Поль Франкенталь все это исправил.
Я до сих пор вижу эту картину, как в кино. Олдэс-стрит, сумерки, пятничный вечер — начинается шабес. Когда папа придет домой, он будет в парадном костюме и в шляпе, что означает, что он побывал в синагоге; но моя память прокручивает пленку того вечера, начиная задолго до его появления. Мы, дети, не сидим, как обычно, на ступеньках крыльца, а сгрудились в темном углу между крыльцом и стеной дома, около металлической трубы. Я стою, поставив одну ногу на трубу. Не спрашивайте меня, почему я помню эту подробность, но я ее помню — и буду, наверное, помнить всю жизнь. Может быть, в тот вечер мы собрались не на ступеньках, потому что там сидят девочки, а тема, которую мы обсуждаем, — это сугубо мужской разговор, первый такой разговор в моей жизни.
Поль Франкенталь с авторитетным видом, полный презрения к нашему невежеству, разъясняет нам, откуда берутся дети. Потрясенные и шокированные, мы едва верим своим ушам, но он разбивает вдребезги наш скептицизм, рассказывая, как он наблюдал, чем большие мальчики занимаются на пустыре. Большие мальчики, оказывается, делают движения, которые Поль описывает во всех подробностях и которые кажутся мне идиотски бессмысленными; и через некоторое время, по словам Поля, «оттуда» брызгает «зеленовато-белая жижица»: вот из нее-то и появляются дети.

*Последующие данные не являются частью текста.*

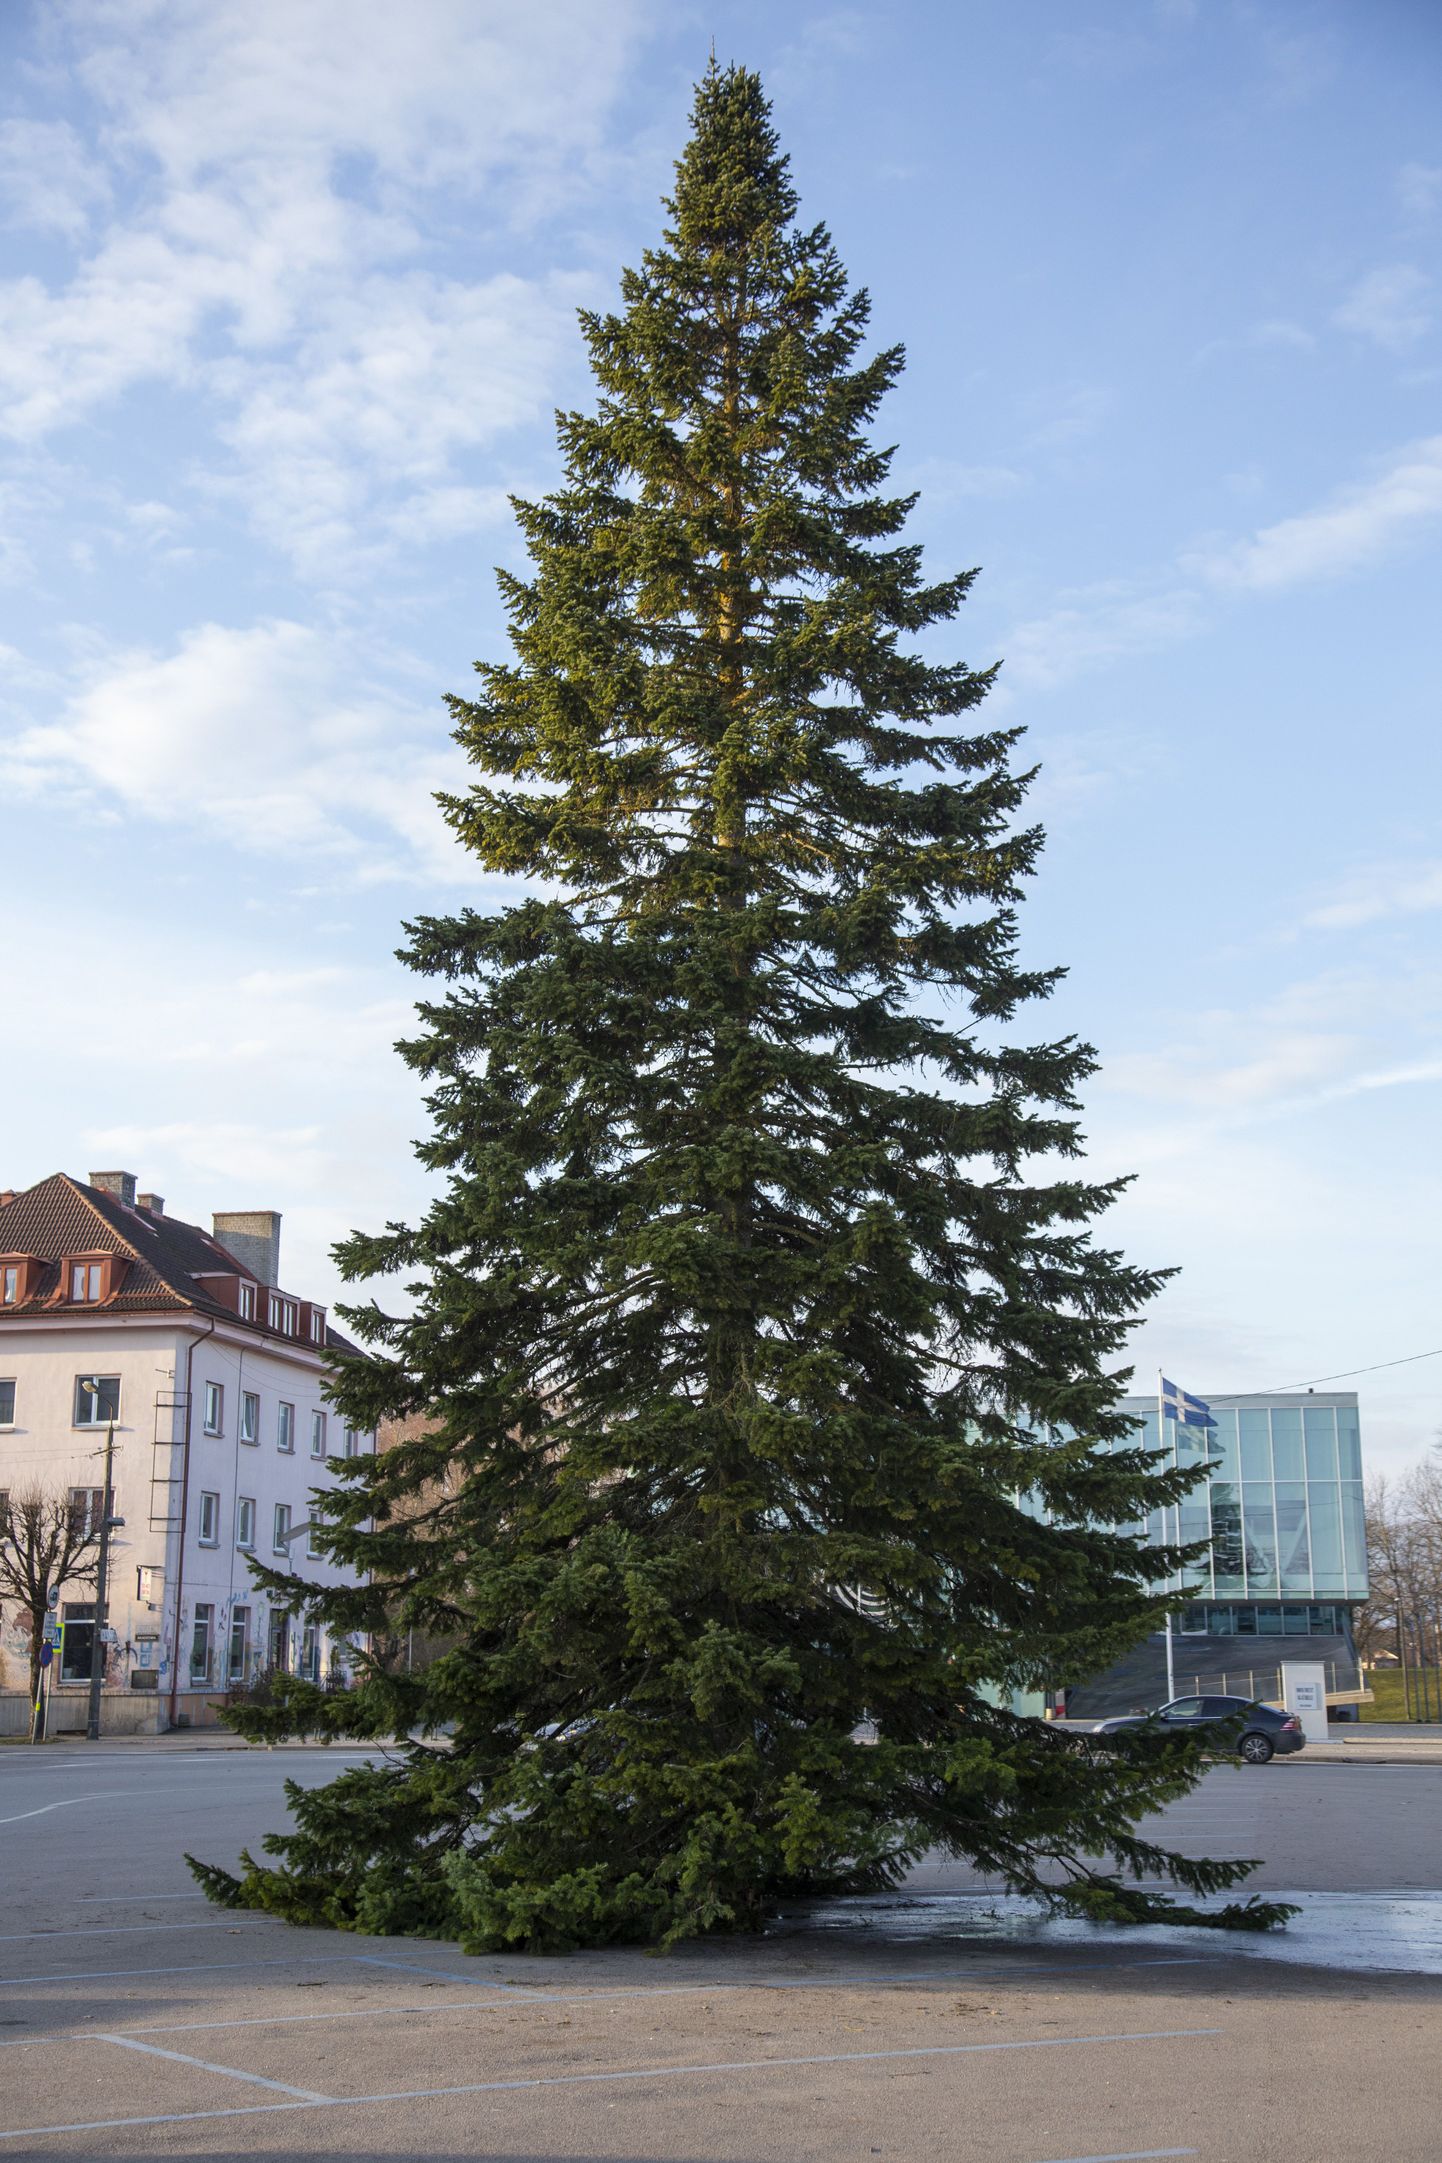 Helsingi on esimeseks neljast Läänemere rannikulinnast, mille jõulupuudest valmivad sellel aastal toonikud. Veel lähevad kasutusse ka Kuressaare, Pärnu ja Soome linna Loviisa jõulupuud.

— Твой папа засовывает свой болт в твою маму, понимаешь, и брызгает этой жижицей в щель, откуда она писает; так это и делается.
Таково было откровение Поля Франкенталя. Стало быть, все мы появились на свет в результате того, что наши папы изгадили наших мам, вбрызнув в них свою «зеленовато-белую жижицу».
В этот самый момент на улице появляется папа в своем парадном субботнем костюме.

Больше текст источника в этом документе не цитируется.